Schizophrenia - a severe mental illness that leads to a disruption of the patient's ability to think, act, express emotions, perceive the surrounding reality and communicate with people.
In patients with schizophrenia, the most difficult and chronic manifestation of the disease is the problem of interaction with other people at work or in school, in relationships with relatives.
Patients experience constant fear, loneliness, isolation. Schizophrenia is not fully cured, but its development can be restrained by proper treatment.
Contrary to popular belief, schizophrenia has nothing to do with the split personality. It is a kind of mental illness in which a person can not distinguish the real from the imaginary one. Patients with mental disorders sometimes lose contact with the reality. The world around them presents them as a chaos of thoughts, images and sounds.
The behavior of patients with schizophrenia may seem strange and even shocking. Abrupt change in personality and human behavior when lost contact with reality is called psychotic episode.
The severity of the disease varies depending on the individual. Some are worried for all one psychotic episode, while others are constantly inclined to relapse, in the intervals between which they lead an ordinary way of life.
Schizophrenia usually occurs cyclically, spike periods of the disease (relapses) are replaced by periods of recession (remission).
What Causes Schizophrenia
The exact cause of the disease is unknown. However, it has been established that schizophrenia has a biological basis, as well as cancer or diabetes. Schizophrenia is not the result of the ill-treatment of parents with the child or the weakness of the nervous system. The development of schizophrenia is affected by a number of factors.

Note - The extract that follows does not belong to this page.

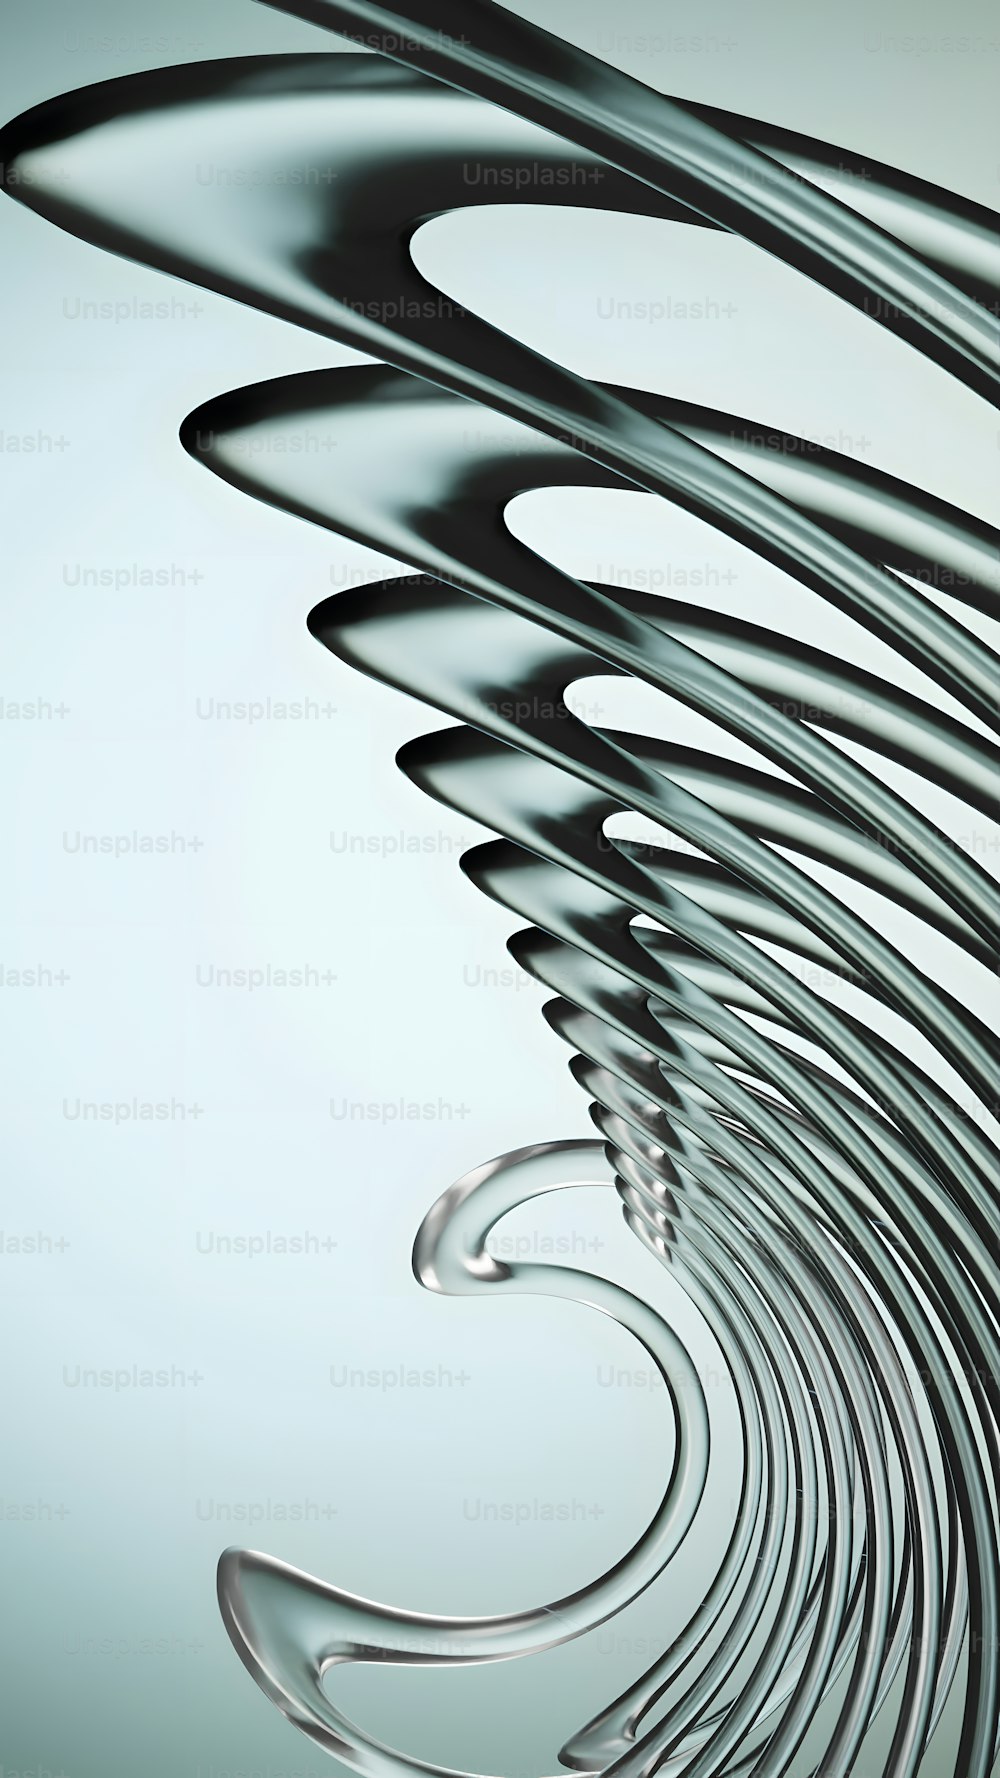 Una foto abstracta de un diseño en espiral sobre un fondo azul

Genetic predisposition (heredity): schizophrenia tends to develop within the family, suggesting that it can be passed on from inheritance from parents to children.
Biochemical processes in the brain: patients with schizophrenia may suffer from an imbalance of chemicals in the brain. They may have acute deficiency or excess dopamine. Dopamine is a neurotransmitter, a substance used to transmit nerve impulses between brain cells. Disturbance in the balance of dopamine affects the ability of the brain to respond to stimuli, such as sounds, smells, visual impairments and may lead to hallucinations and delusions.
Structural disorders and functional disorders of the brain: in recent studies in patients with schizophrenia, structural disorders and functional disorders of the brain have been identified. However, this pathology is not observed in all schizophrenics and can develop in the absence of schizophrenia.
Environmental factors such as viral infections, lack of social interaction, stressful situations. Schizophrenia often develops during hormonal and physiological changes in the body, for example, in adolescence and early adolescence (from 18 to 21 years of age).
Who is prone to schizophrenia?
The risk of developing schizophrenia can be exposed by any person. This disease is diagnosed around the world, from representatives of all nations and cultures.
Despite the possibility of development at any age, schizophrenia is usually first manifested in adolescence and adolescence (after 20 years). The disease is equally subject to both men and women, although the symptoms are manifest in men a bit earlier (up to 20 years or earlier) than women (20-30 years old).
Schizophrenia may be susceptible to children over the age of five, but cases of childhood are extremely rare.
Schizophrenia is a widespread mental illness. It occurs in about 1% of people aged 18 years and older.
How is schizophrenia diagnosed?
In the presence of symptoms of schizophrenia, the doctor makes a complete history of the disease and conducts a physical examination. Although there are no special laboratory tests for the diagnosis of schizophrenia, the doctor may use different methods of research, such as blood tests or X-rays, to exclude the effects of physical illness on mental symptoms.
If, as a result of the examination, the physician has not found a physical cause for these symptoms, he directs the patient to a psychiatrist or psychologist for the diagnosis and treatment of mental illness. Psychiatrists use a specially designed interview and assessment system to detect mental disorders. The diagnosis of the therapist is based on the patient's complaints and the results of the medical observation. A person is recognized as a schizophrenic patient in the presence of characteristic symptoms for six months or more.
Are dangerous people who are suffering from schizophrenia?
Most patients do not show aggression. Most often they seek isolation and loneliness. However, in some cases, schizophrenics suffering from alcohol or drug dependence may be dangerous.
On the other hand, they can be dangerous not for others but for themselves. Suicide is the most common cause of premature death of schizophrenics.
Forecast and prevention
With proper treatment, most people with schizophrenia can continue to lead an active, active life. Living in a family is better suited to schizophrenics than content in a psychiatric clinic.
Modern brain research and its diseases allow you to create more effective therapeutic drugs with fewer side effects.
So far, there is no specific way of preventing schizophrenia. However, early diagnosis and proper treatment help to avoid or reduce the risk of relapse and the need for hospitalization, as well as problems with close people.